It sounds like Jimmy Garoppolo has been throwing the ball quite well at practice this week despite his thumb injury, based on comments from 49ers offensive coordinator Mike McDaniel on Thursday.
Garoppolo has been throwing on the side while nursing the sprain in his thumb he suffered in last Thursday's road loss against the Tennessee Titans. The injury is causing his status for this Sunday's home finale against the Houston Texans to remain in doubt, but it isn't because of his quality of practice throws, according to McDaniel.
"Jimmy is one of the best throwers on the planet," McDaniel told reporters during media sessions on Thursday. "He's very, very gifted in the accuracy and ball placement. He throws a really catchable, tight football. That hasn't changed."
So if Garoppolo is throwing the ball that well, what's causing the uncertainty for the next game? McDaniel provided an explanation, saying Garoppolo's availability for this week depends on how the injury reacts from one day to the next.
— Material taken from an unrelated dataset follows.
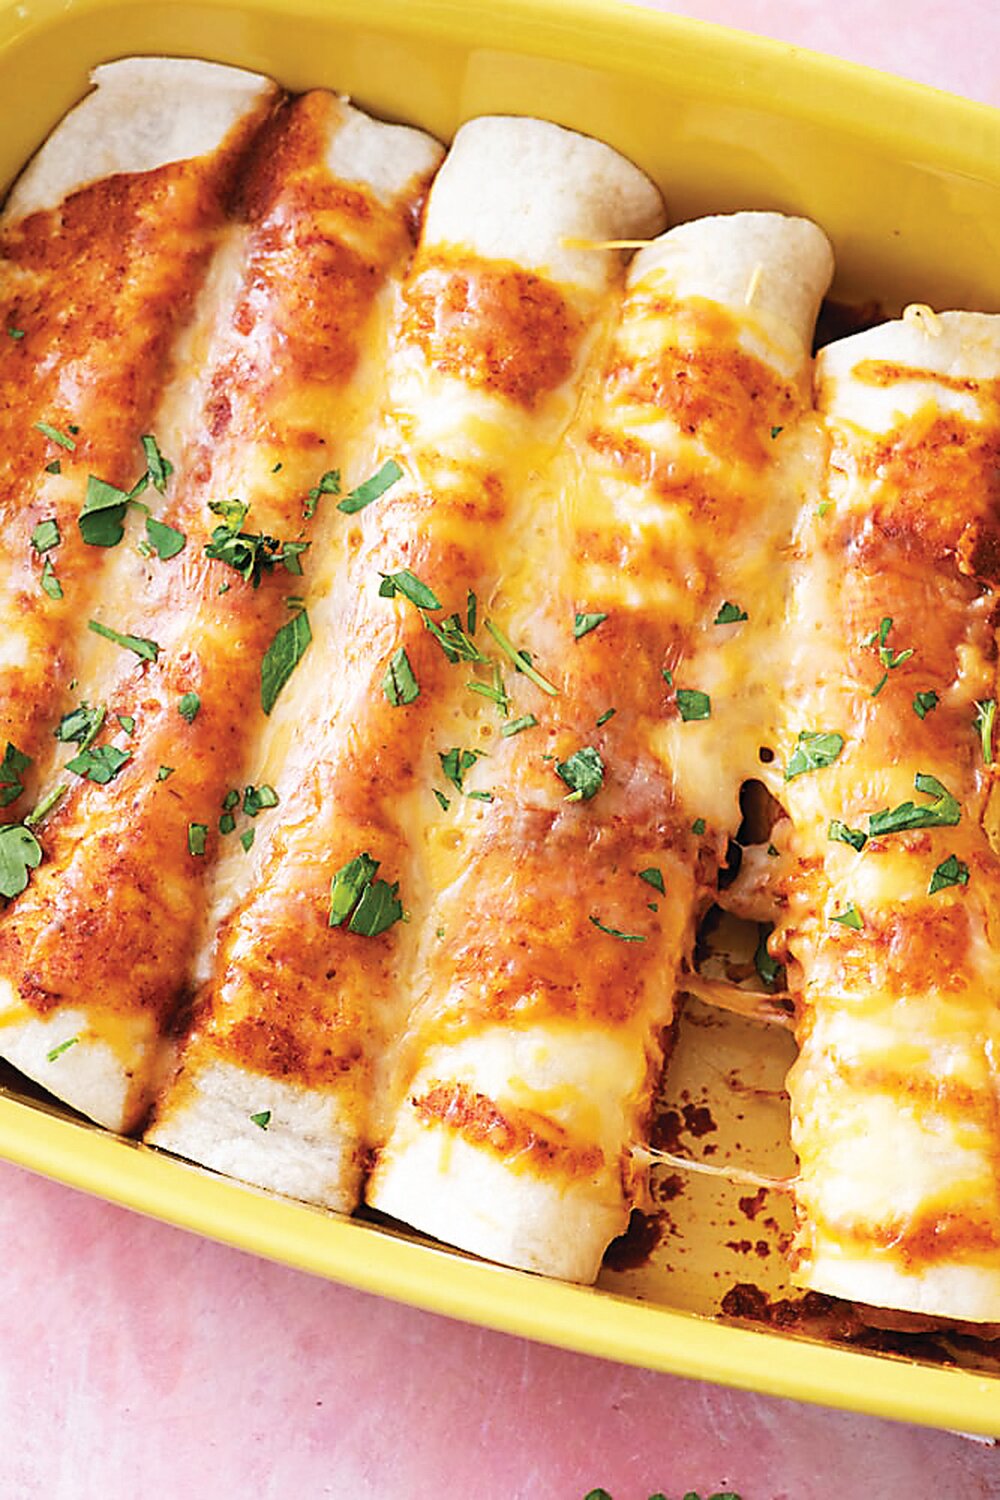 Mexican food is welcome any time, but these enchiladas would make a perfect entrée for a Cinco de Mayo celebration.

"It's more about how it responds and how it feels so you can have strength in that thumb through the course of an entire game," McDaniel said. "So it's looked great. It's more about how he responds to it and how it feels the next day. That's why it's kind of a day-by-day basis with him. So that's been encouraging watching it, and you're kind of just playing the waiting game saying Friday, how's it going to wake up and feel?"
In the meantime, the 49ers are preparing to face the Texans with rookie Trey Lance at quarterback, if need be. Lance has been running the scout team for much of the season after getting a start against the Cardinals in Week 5 while Garoppolo sat out with a calf injury, but McDaniel says the rookie has picked up plenty of important experience as a result, regardless of the offense he was leading in practice.
"There's not a ton of secret plays in the NFL," McDaniel said. "There's a lot of overlap between people are running. So when there is overlap, you apply it in your verbiage and language and use your timing. So it's incredibly valuable. There's always little details that they'll have to adjust, but every single time you're taking a scout team rep, you're in the huddle, you're using any sort of verbiage that applies to our offense, you're telling people where to go, you're using cadence, and then distributing the ball against zone or man defenses. All of that is incredibly applicable to what players have to do -- quarterbacks specifically on a down-to-down basis, whether you're scout team or running practice with the first team."